It's a familiar feeling: you find the perfect apartment, agree on a fair rent, and feel financially secure. Then the annual rent renewal notice arrives. You brace yourself for a small increase, but this time it's 15% or 25%. This isn’t just a random rise; it's rental inflation, and it's affecting millions of people in India. In this blog, the first in our series, we'll explain what rental inflation is, why it happens, and how it poses a significant threat to your long-term financial stability.
Most companies are offering an average annual salary increase of 9-10%. Meanwhile, rental markets in major cities in India are moving at a different speed. In 2024, rental inflation in key areas of Bengaluru, Delhi, and Hyderabad jumped by 20-30% compared to the previous year. This means your rent is increasing two to three times faster than your salary.
This widening gap undermines your savings and makes it harder to create a stable financial future.
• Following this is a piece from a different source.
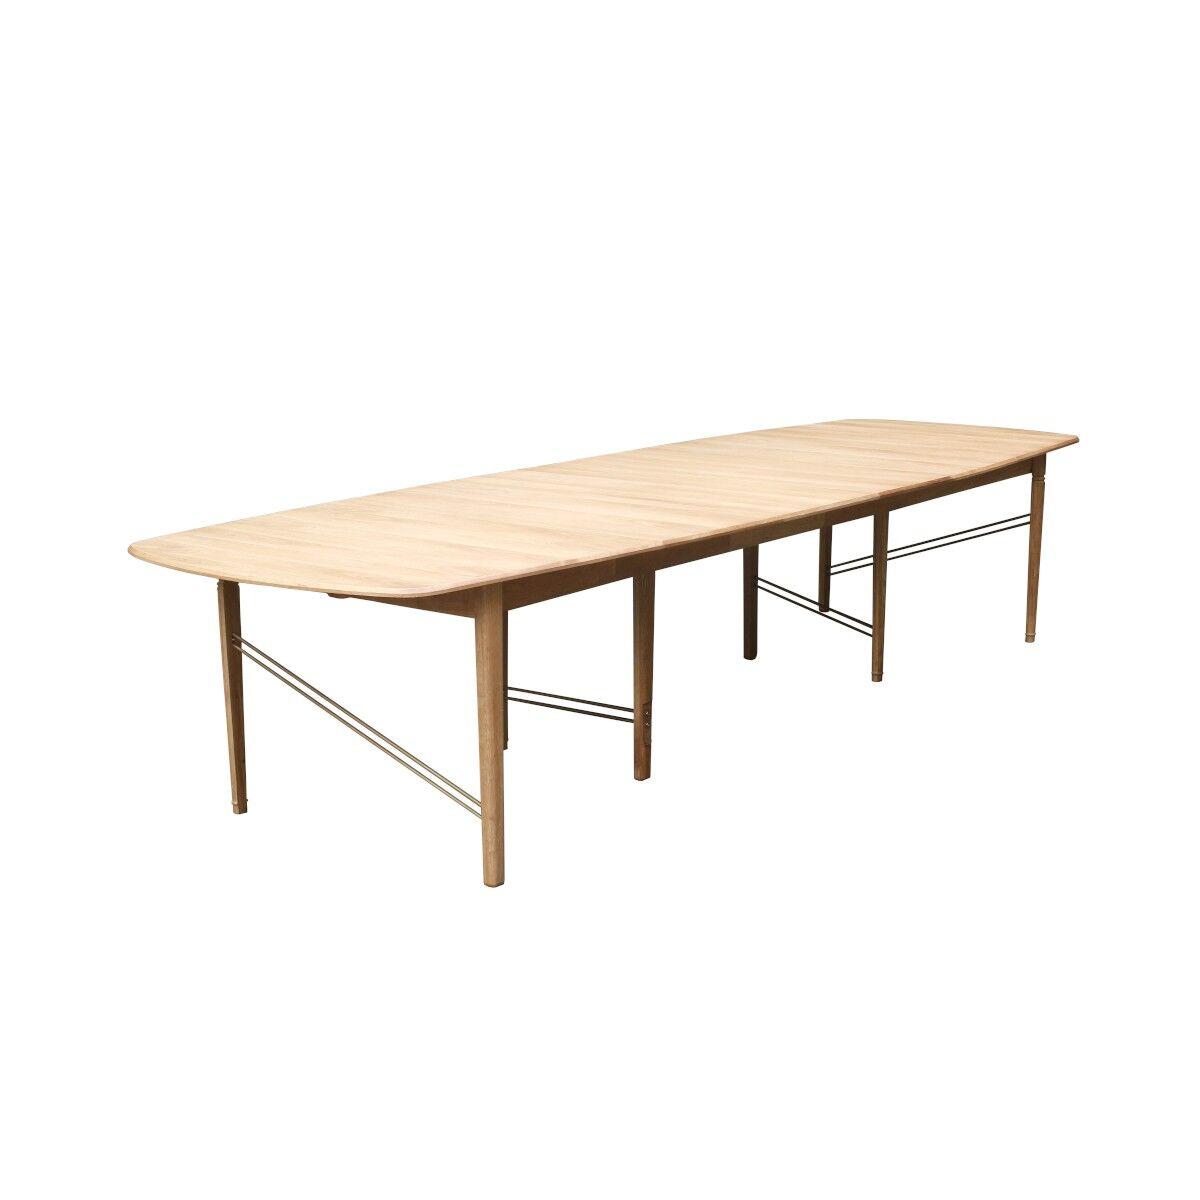 Robin des Bois Grande table chne clair naturel

Why are these increases becoming so aggressive? The Indian rental market faces several interconnected challenges, and it's a clear case of demand far exceeding supply.
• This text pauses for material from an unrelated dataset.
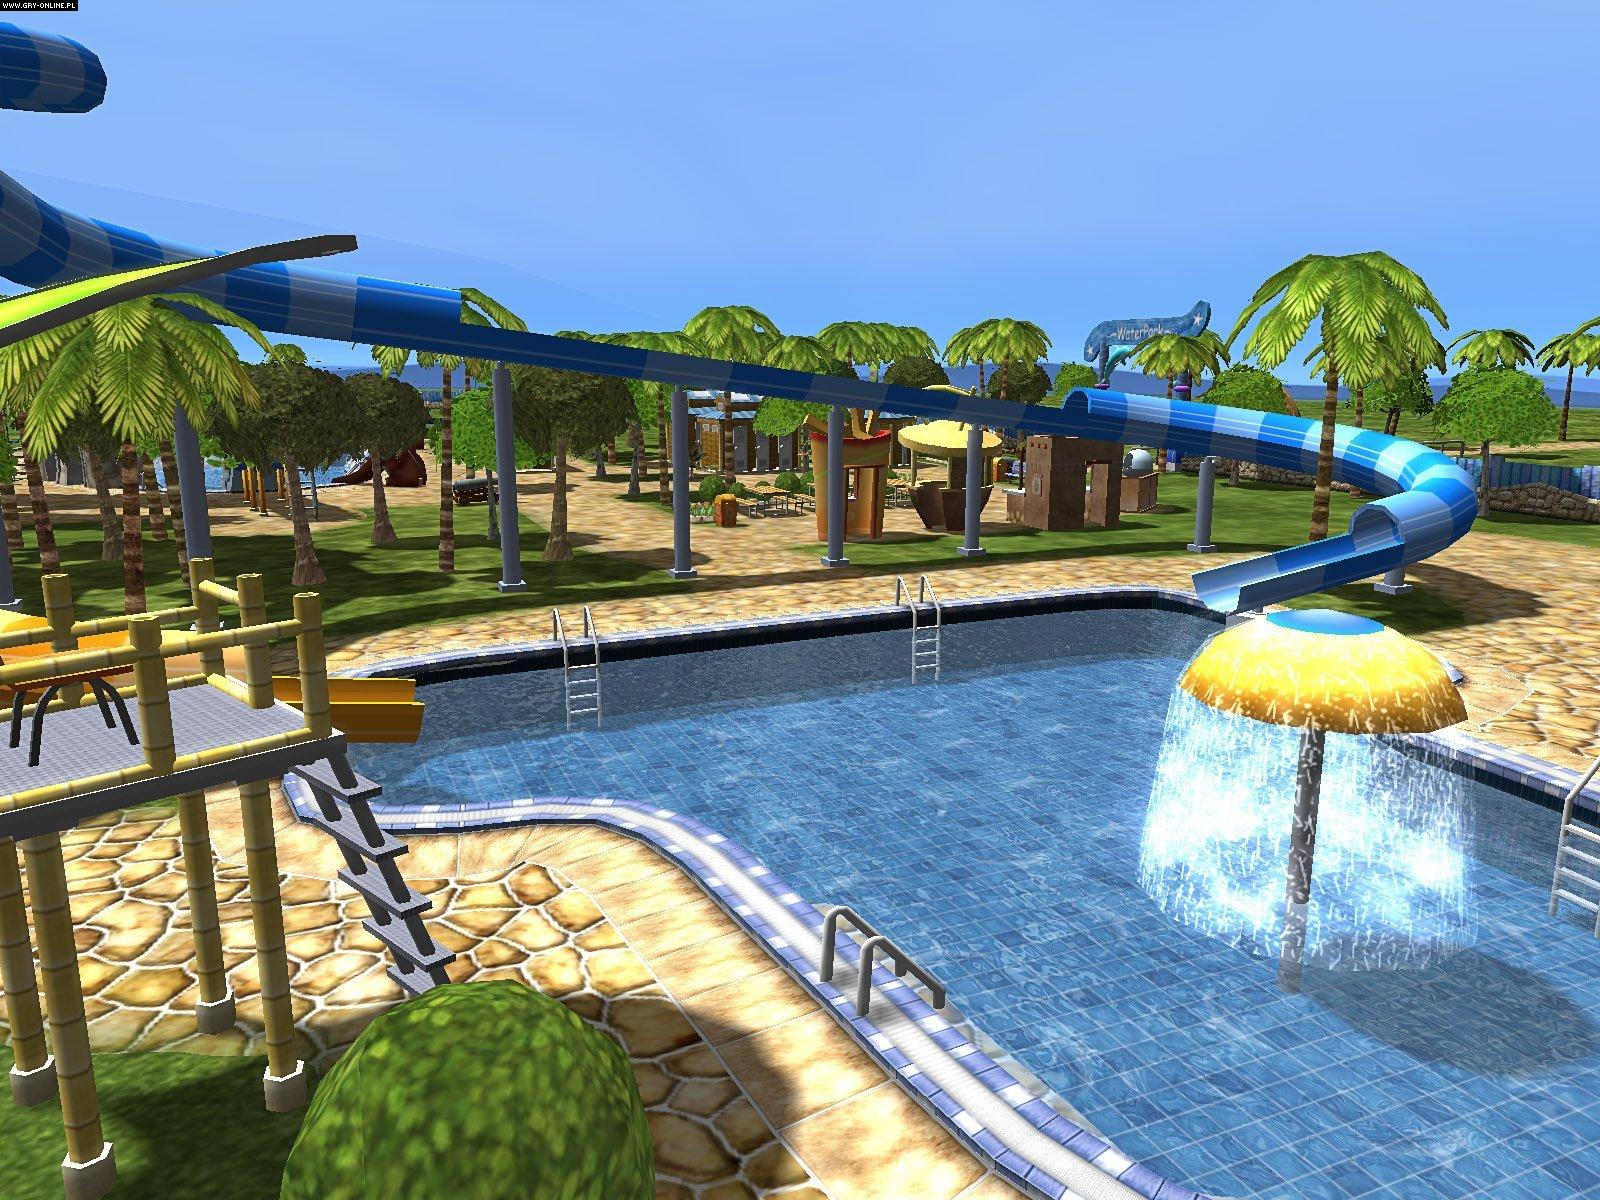 Water Park Tycoon - screenshots gallery - screenshot 4/6

Understanding rental inflation is the first step to taking control of your financial future. While the rental market is fundamentally unpredictable and subject to these inflationary pressures, there is a way to achieve a more stable future.
Consider this: a property in a major city that rents for ₹35,000 per month may require an EMI of ₹80,000 to ₹1 Lakh to buy. While the monthly EMI is higher, it’s a fixed cost. Unlike rent, a home loan EMI stays the same, unaffected by market changes. Over time, as rent continues to rise, your EMI remains constant, eventually making homeownership not just a dream, but a financially sound and necessary strategy.